Once the nurses had left, the waiting game began. Teri, my mom, and I watched TV and chatted while waiting for my chemo concoction to be mixed and arrive. Once I was fully hydrated and the potion had brewed, the nurse came in wearing a full blue gown with thick rubber gloves as she carried a clear bag over to the IV pole like a hot potato that she was afraid to drop. She looked like someone from the movie “Outbreak” and I was monkey who was infected. After two hours of playing cards, I watched the last bit of liquid empty out of the bag, flow through the translucent tube, and knew that its final destination was into my body. When it finally disappeared, the shrill, “beep, beep, beep” sound of the IV machine began to ring and I hit the “nurse call” button signaling that it was done. That piercing sound is enough to awake even my brother from a dead sleep.
“That’s it?” I questioned as the nurse entered the room. “Yup, that’s it,” she declared. I guess I had expected fireworks to explode halfway through or something significant to happen.
Following the Oxilaplatin were two 22-hour infusions of Leukovorin to flush my system of chemotherapy toxins. When I could no longer fight the anti-nausea drugs, that I was told would make me drowsy and loopy, I called out to Teri before she left, “I love you, Teri!” before drifting off into a medicine-induced sleep that lasted on and off for the next two days. My routine fell into a pattern of waking up, finding something potentially palatable off the hospital menu, taking morning meds, sleeping, waking up every so often for more meds, sleeping, watching TV, and sleeping some more.
Every so often, a spell of nausea would awaken me.

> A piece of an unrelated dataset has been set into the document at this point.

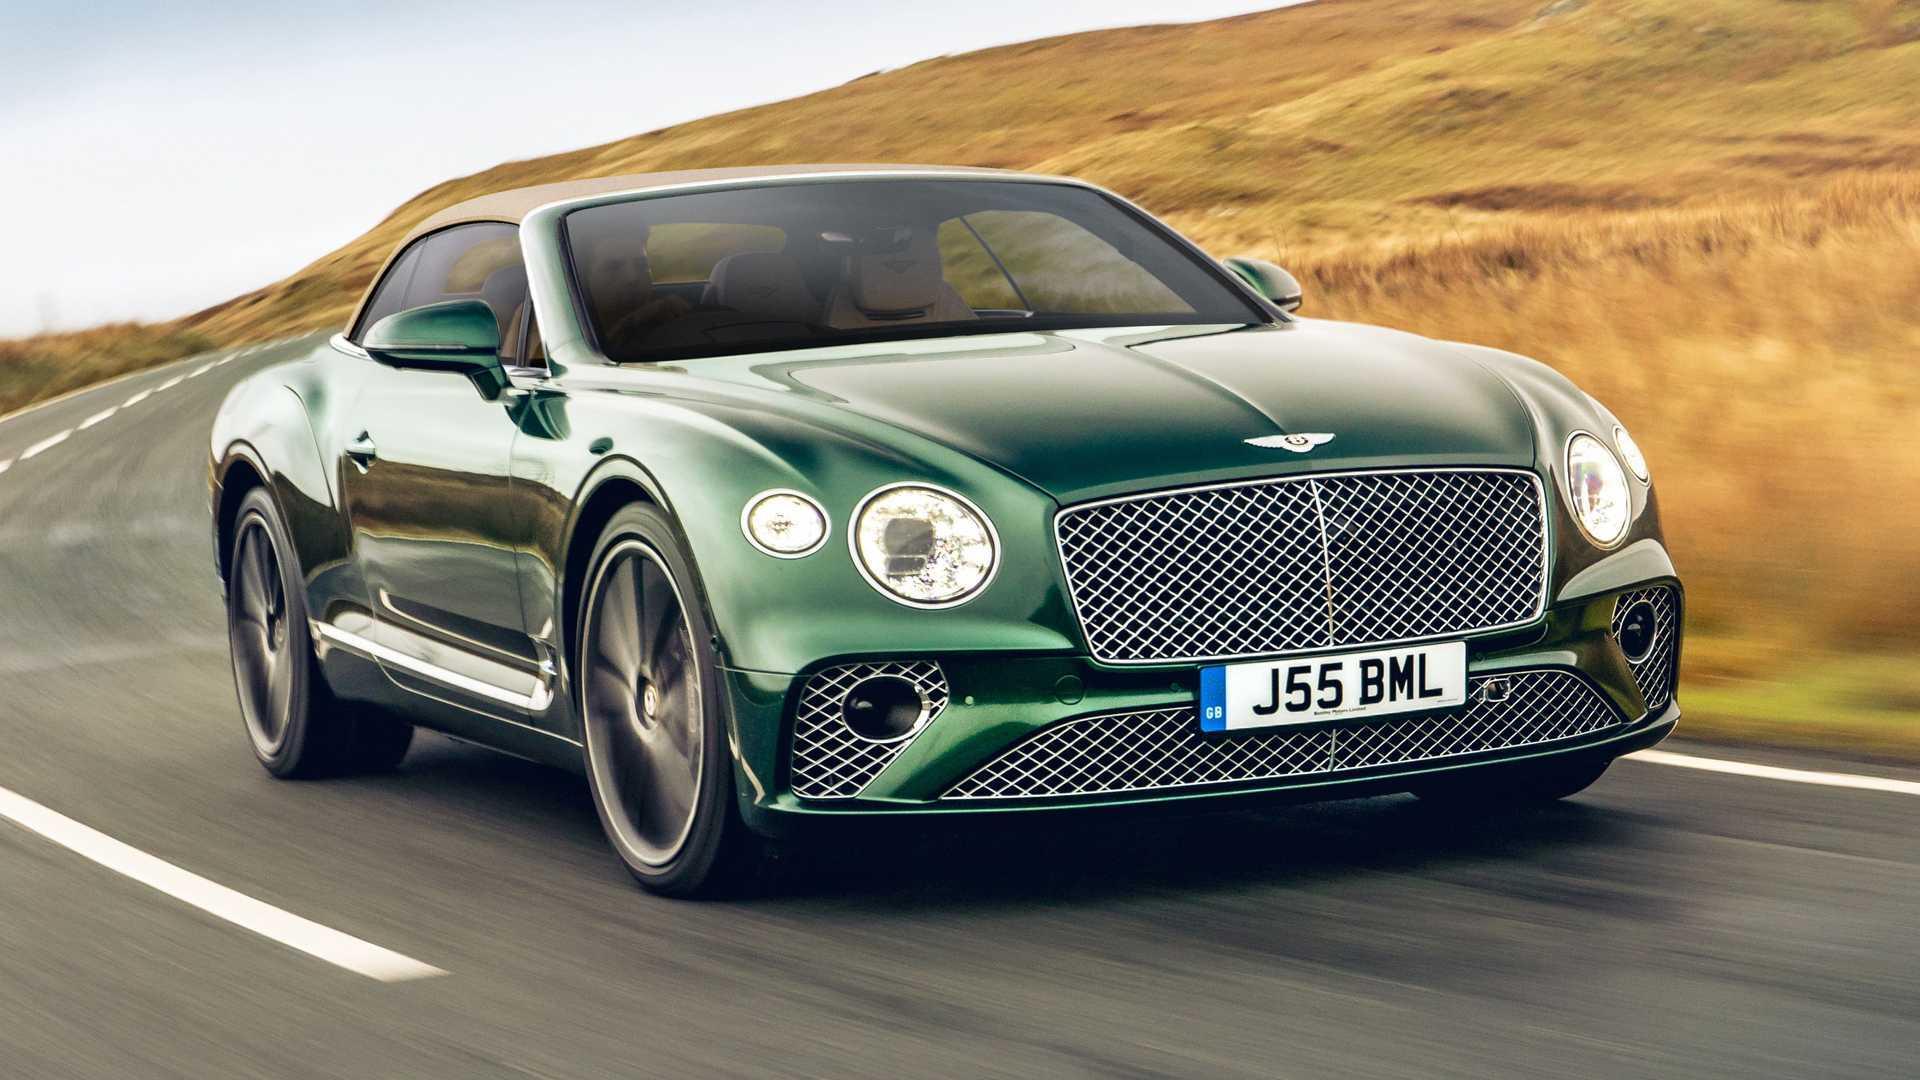 Bentley построил 80 000 автомобилей Continental GT, первый из которых еще находится в эксплуатации

All it took was a brief announcement to the nurse on call. “I feel like I’m going to throw up.” Before I could finish the sentence, a nurse was running through the door with a bucket in hand.

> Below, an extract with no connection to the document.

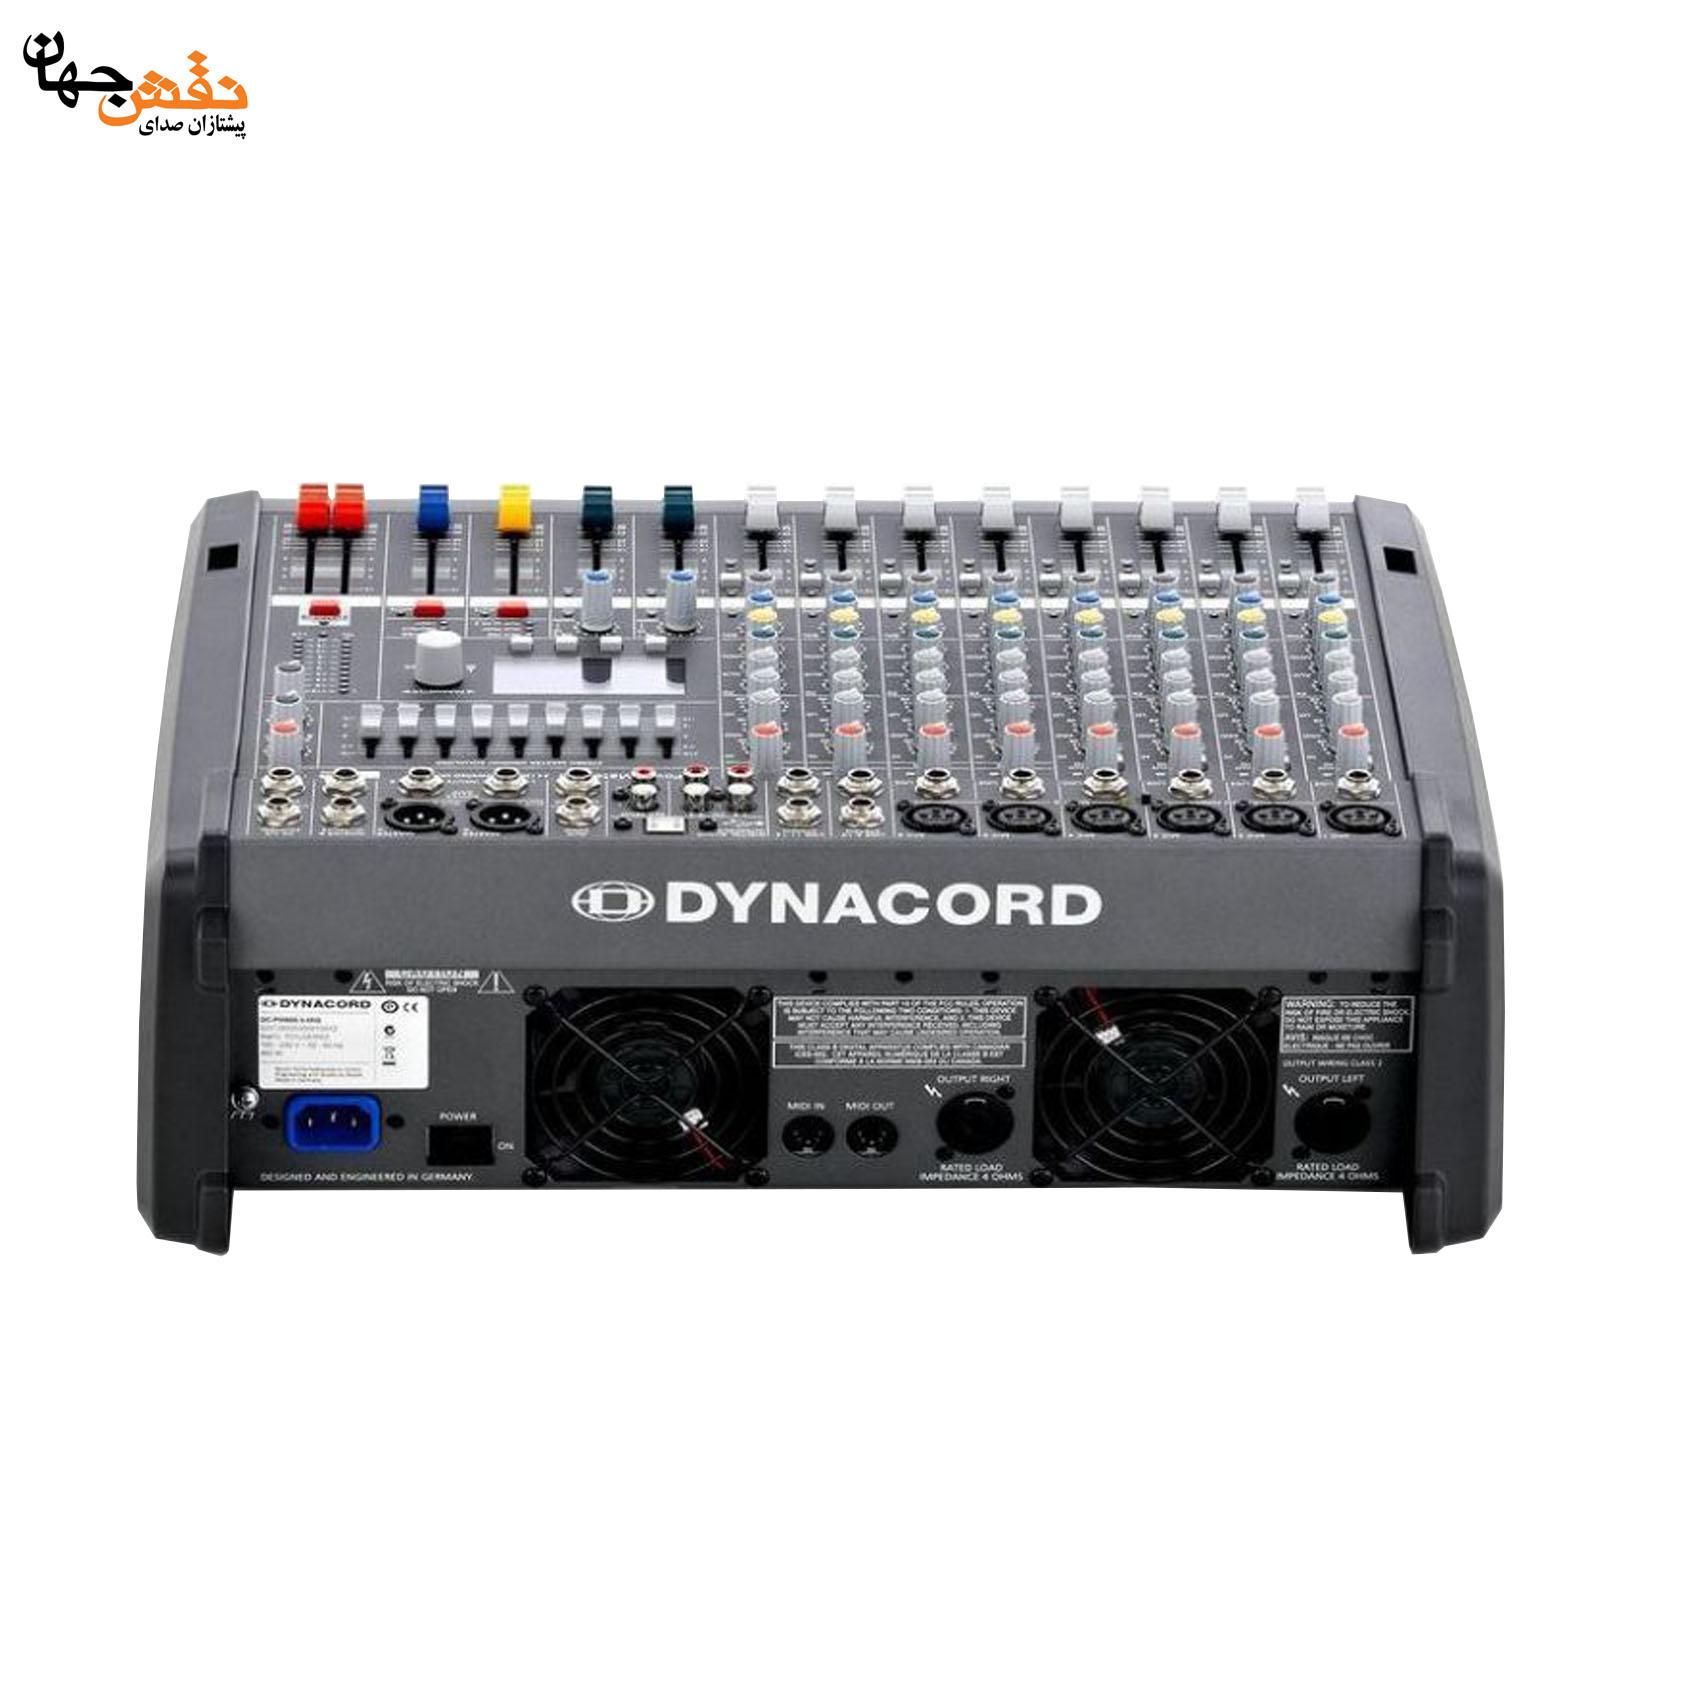 dynacord 2

The simple task of washing my hands posed problems. The tepid water sent a tingling sensation through my arms as a result of cold neuropathies, and the stench of hospital soap on freshly cleaned hands would linger in the air for hours.
By 9:00 Saturday night, my mom had scrambled around the room and had everything neatly packed and organized. When the final cry of the IV machine told us my fluid infusion was over, she joyfully leapt out of her seat and alerted the nurse that I was finished. Out of the HOT unit and onto the skywalk, my mom sprinted out the doors pushing me in a balloon-adorned wheelchair, and I paused to gaze out at the clear black night. We were finally going home.